Instructions to follow: Quote each line of the material verbatim, without the pictures.

Dataset content:
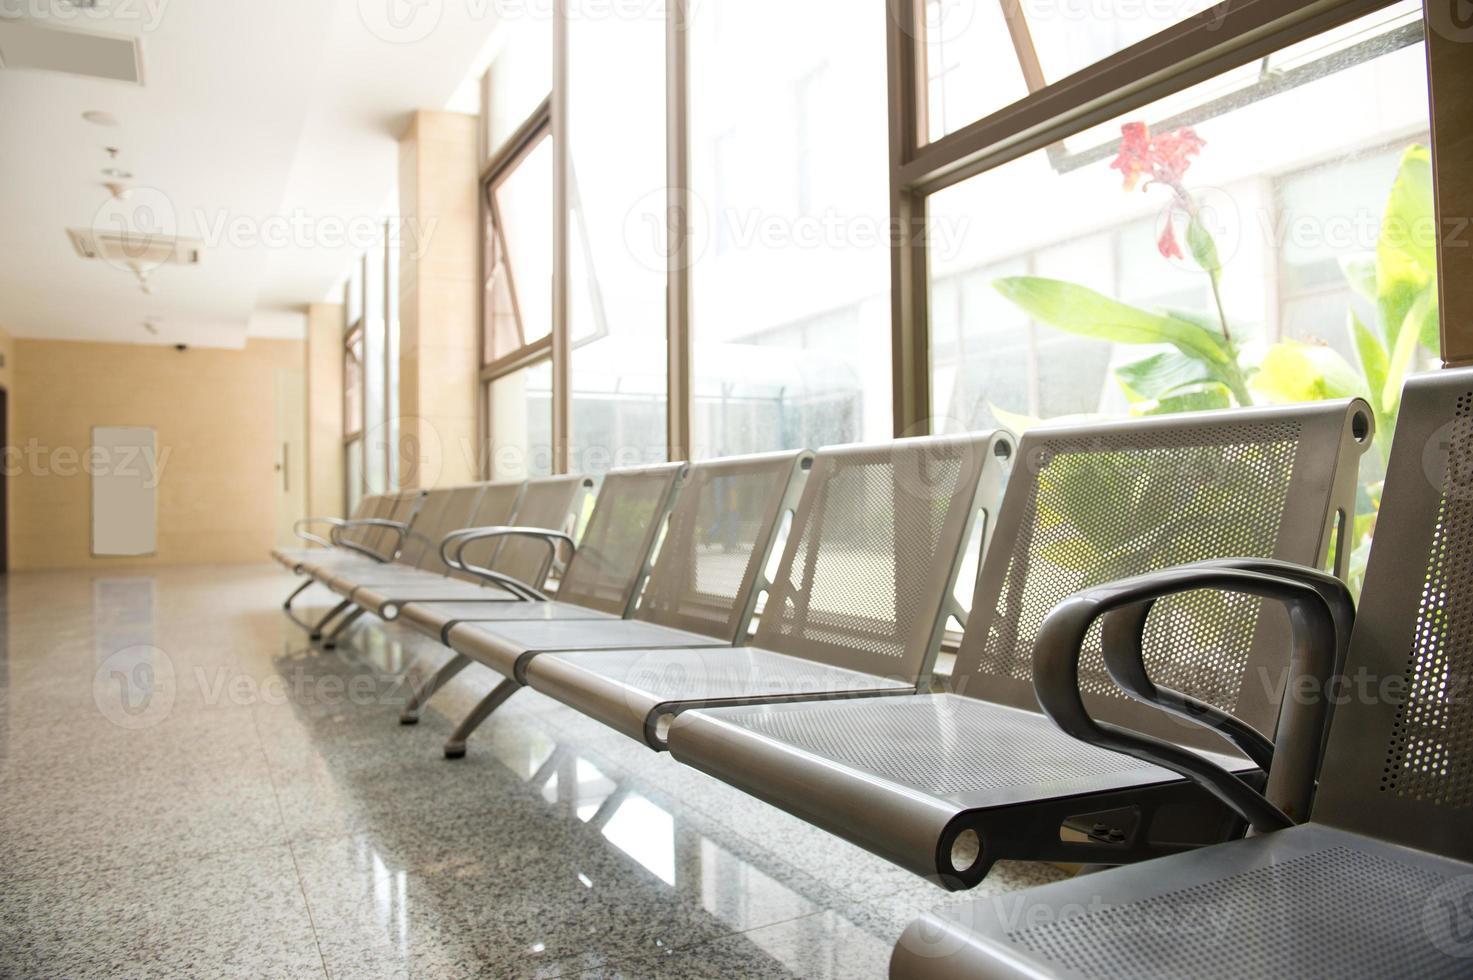 Wartezimmer eines Krankenhauses mit Stühlen foto
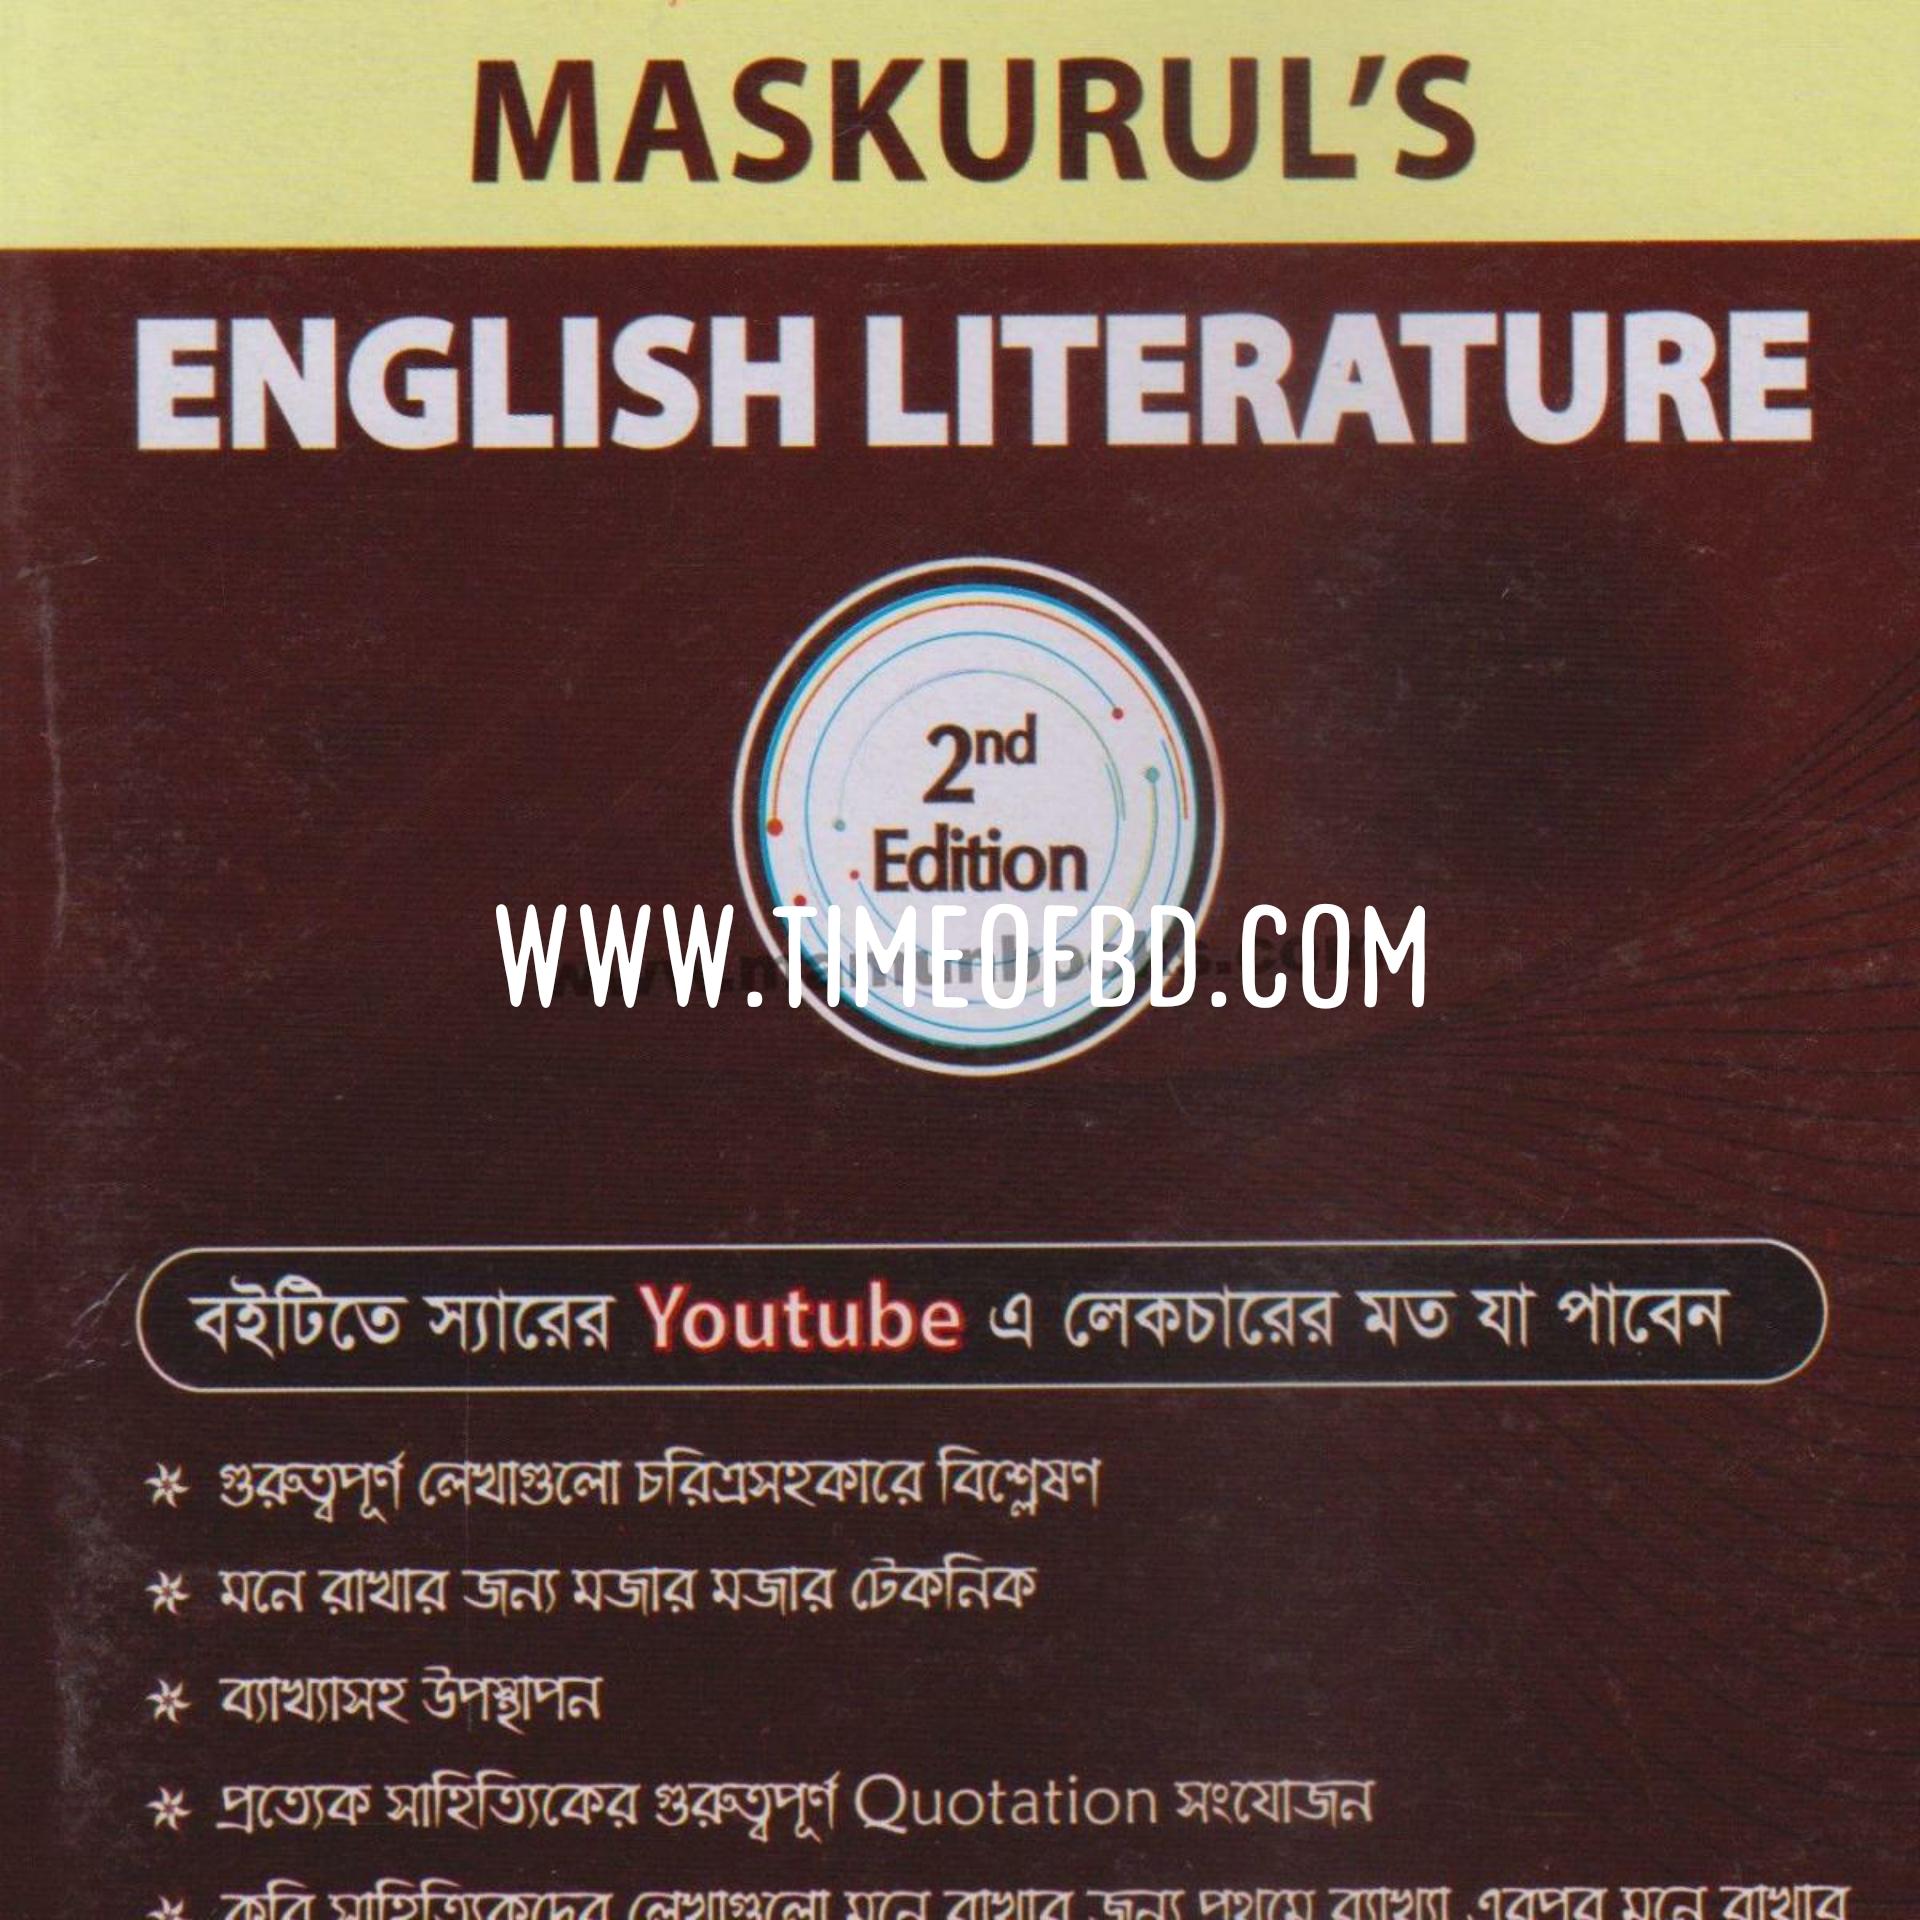 maskurul's english literature book,maskurul's english literature book pdf,maskurul's english literature,maskurul's english literature online order link
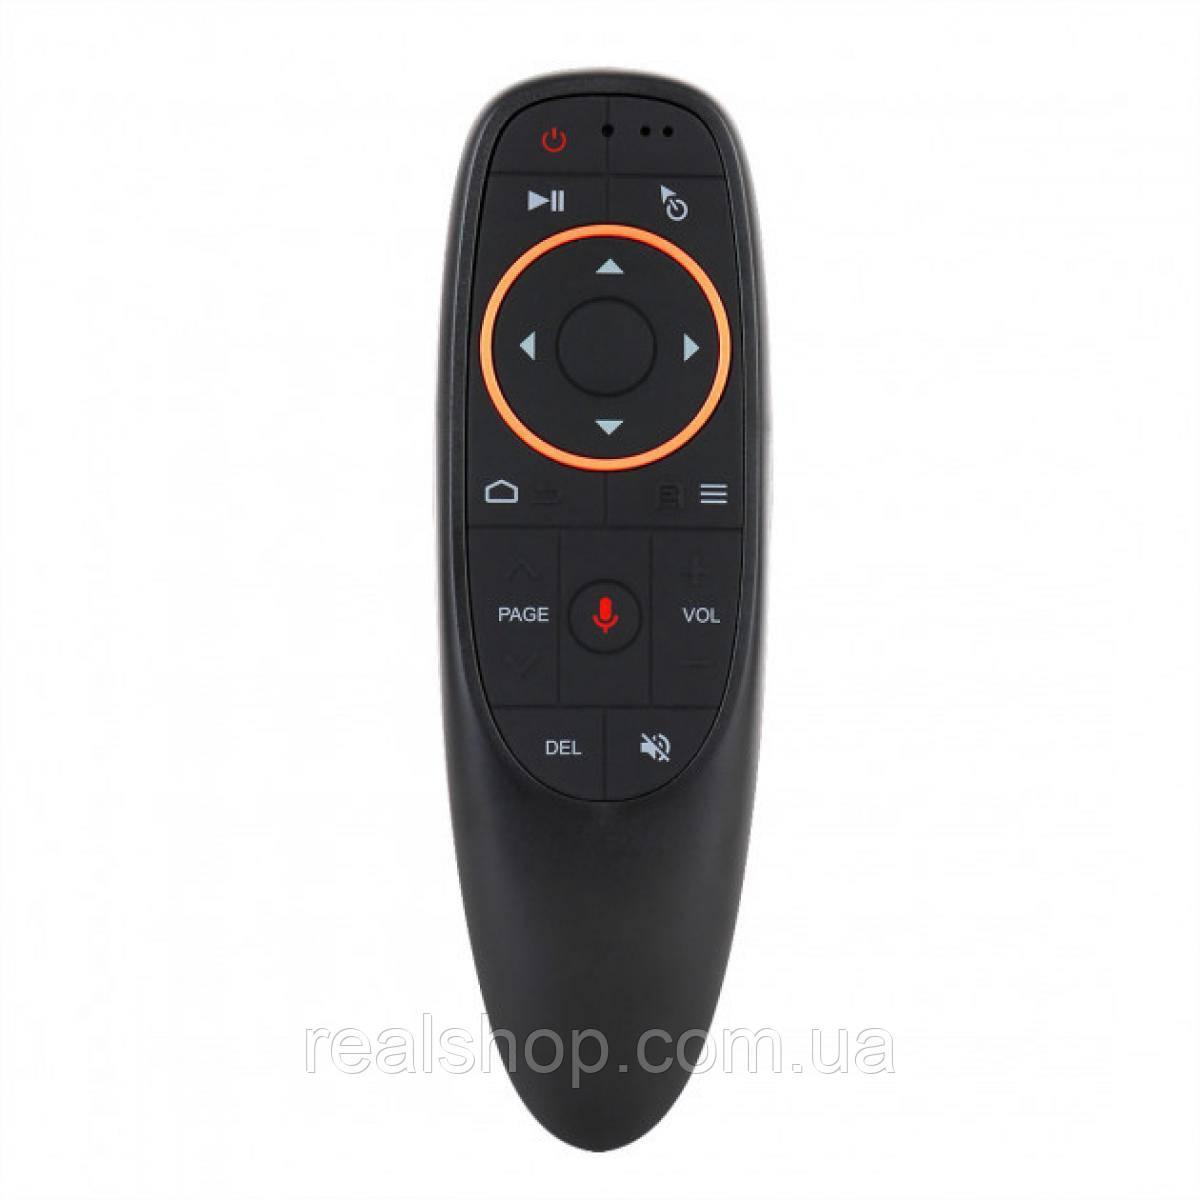 Пульт управления, мышка Air Mouse g10s + голосовой ввод

Exercise answer:
 Wartezimmer eines Krankenhauses mit Stühlen foto
 maskurul's english literature book,maskurul's english literature book pdf,maskurul's english literature,maskurul's english literature online order link
 Пульт управления, мышка Air Mouse g10s + голосовой ввод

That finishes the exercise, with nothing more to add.